7. Ugliest truth ends in trust and happiness, but the sweetest of lies in misery

It is possible that telling the truth will put you in a type of situation you’ve always avoided by telling lies. You’ll have to confess when you didn’t obey the rules, acknowledge that you are jobless, or admit that you couldn’t answer all the questions. You will find it better to face the uncomfortable consequences of telling the truth than lying; because it strengthens your character and creates faith in other people.

Prepare to deal with other people’s reactions. Maybe hearing the truth lets someone make an adverse remark or respond you may not find pleasing. But definitely, it will make you happy for telling the truth rather than using the shortcut of lying.

It would be best to win the confidence of people who may not believe you at first.
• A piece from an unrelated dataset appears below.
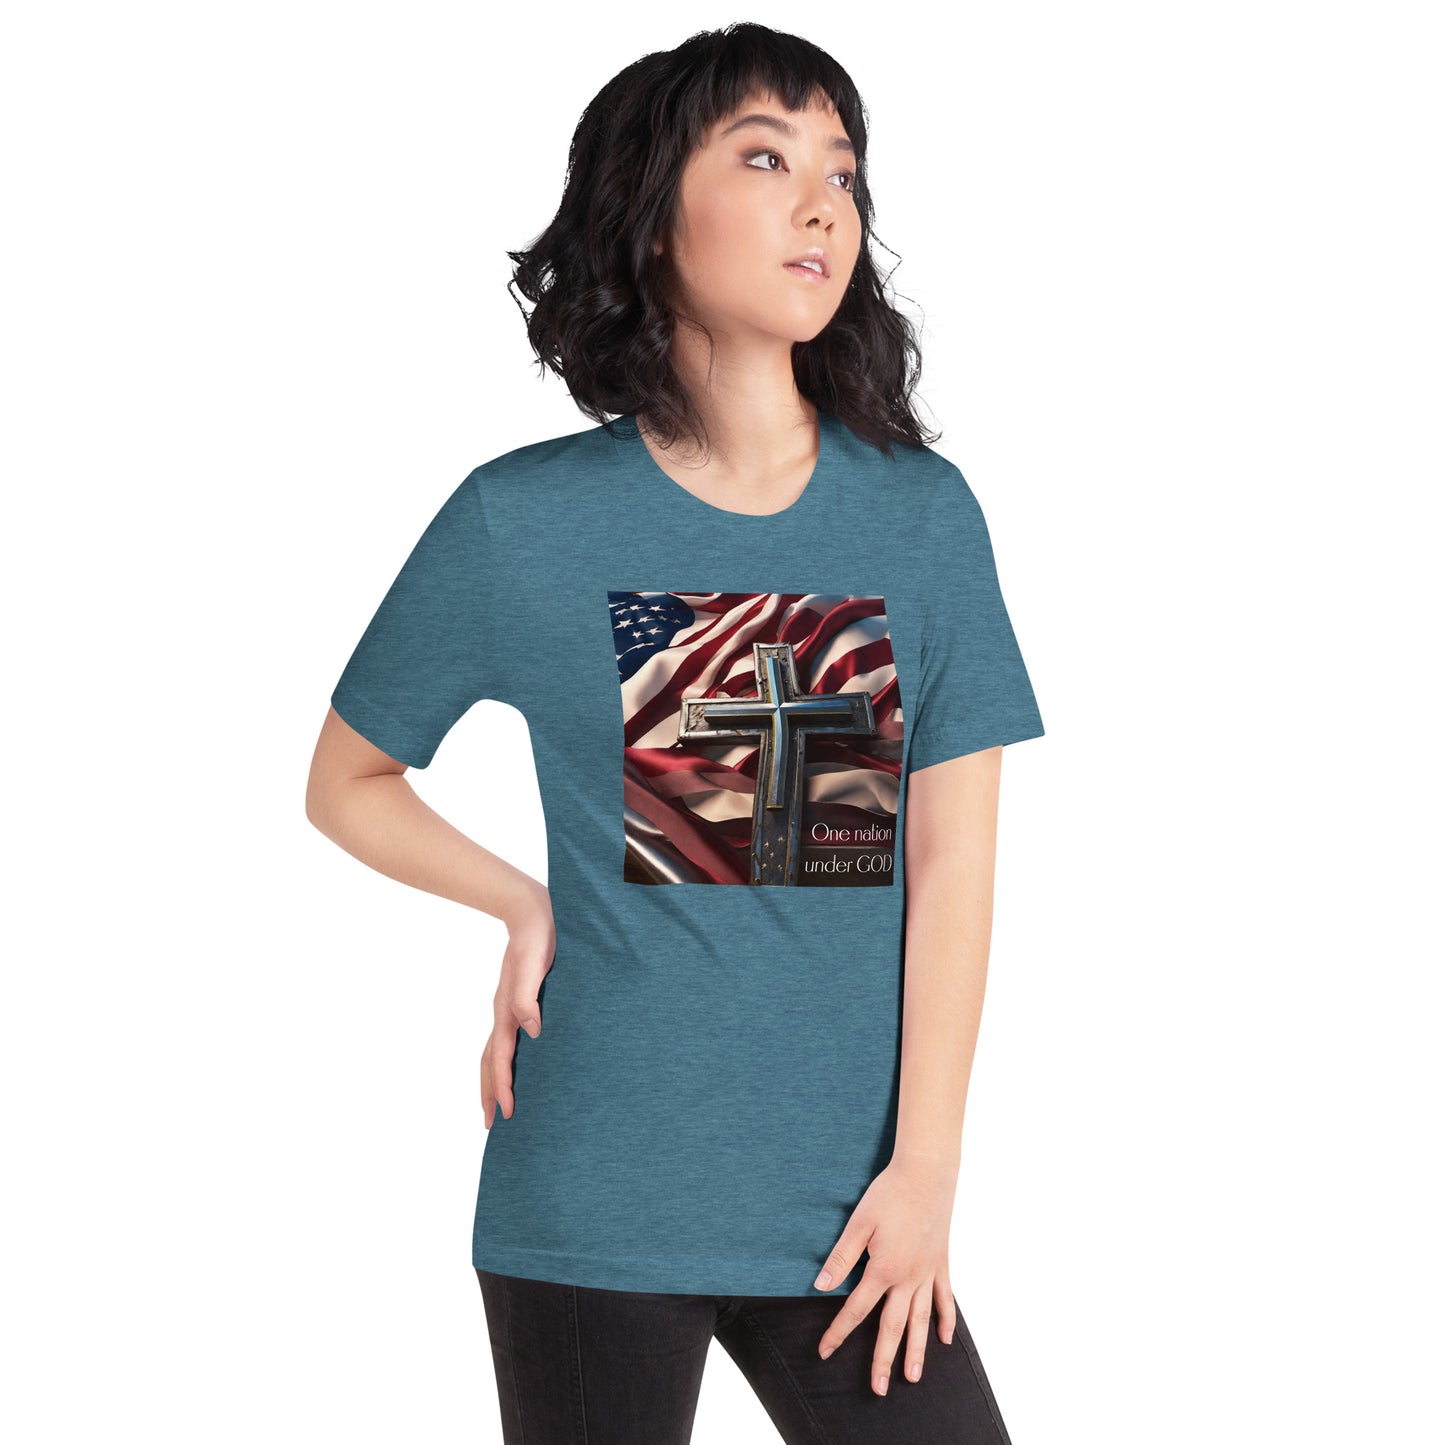 Patriotic Women's Classic Graphic T-Shirt

If somebody has caught you lying a lot to a particular person, it may take a while before they think you are telling the truth. Keep working at it since the only way in the world to gain back trust is to keep being honest.

The Takeaway

The habit of lying is wholly merged with our character. Hardly anyone of us remembers when we learned about the idea of the white lie. It might have been when we were a child or a grown that hid the truth to keep ourselves from being upset or sad. Or someone might have promised you a reward for a particular behaviour, but the “reward” really didn’t exist. Being a parent, you might have used white lies to calm down your crying child. Or you might have scared your child by creating a false fear of not obeying.

There are two determinants concerned when deciding whether or not to use a white lie to hide the truth: The means, the purpose of the lie and the possible result if someone catches it. Balance these determinants carefully before your chance to tell a lie, no concern how “harmless” it may look. If the gains to yourself exceed the losses to the other, you must not tell a lie.

It is pretty common these days to engage in prosocial lying. It also puts questions about how far we are likely to go with this kind of deception. Are we more prone to lie to friends or strangers? Actually, what if our lying is maybe more damaging than the truth in the end?

While more inquiries on prosocial lying are required, compassion visibly plays a significant role in everyday social lying. Whether or not honesty is the best policy, most of us assume the necessity for “little white lies” to avoid harming others. That compassion for other people can often suggest lying to them appears like another of life’s significant paradoxes.

You can tell the truth tactfully to counter the justification of prosocial lying and keep your relations harmonious. Suppose someone you know is involved in damaging behaviour, for instance. In that case, expressing your feelings might be more helpful in the long run.

Moreover, if you hate people on your team at work but know there’s little chance of getting changed, it’s reasonably desirable to keep quiet. If an associate suddenly inquires you, “I’m your best friend, aren’t I?” Need not tell a lie to save the situation. Rather, avoid a reply that mocks the questioner’s true purpose: “Are you feeling rejected these days? Should we meet more frequently?”

To understand why someone lies, you have to examine what lying does for the person. Maybe people lie because they aren’t happy with themselves. Maybe they aspire to be seen as more impressive people; they aspire to be loved and require more friends.

It’s fascinating to think that the world would become a better place when purified of the falsehoods that appear to hinder our genuine relationships. On the other hand, our social lives would possibly fall under the weight of harsh honesty, with naked truths damaging our experience to connect with others. The omnipresence of lying is a problem, but would we require all of our lies to go away? Let’s be realistic.

An excellent summary of the research can be found in a piece published in New Scientist by Christa Lesté-Lasserre called “Dogs Will Ignore You if They Know You Are Lying, Unlike Young Children.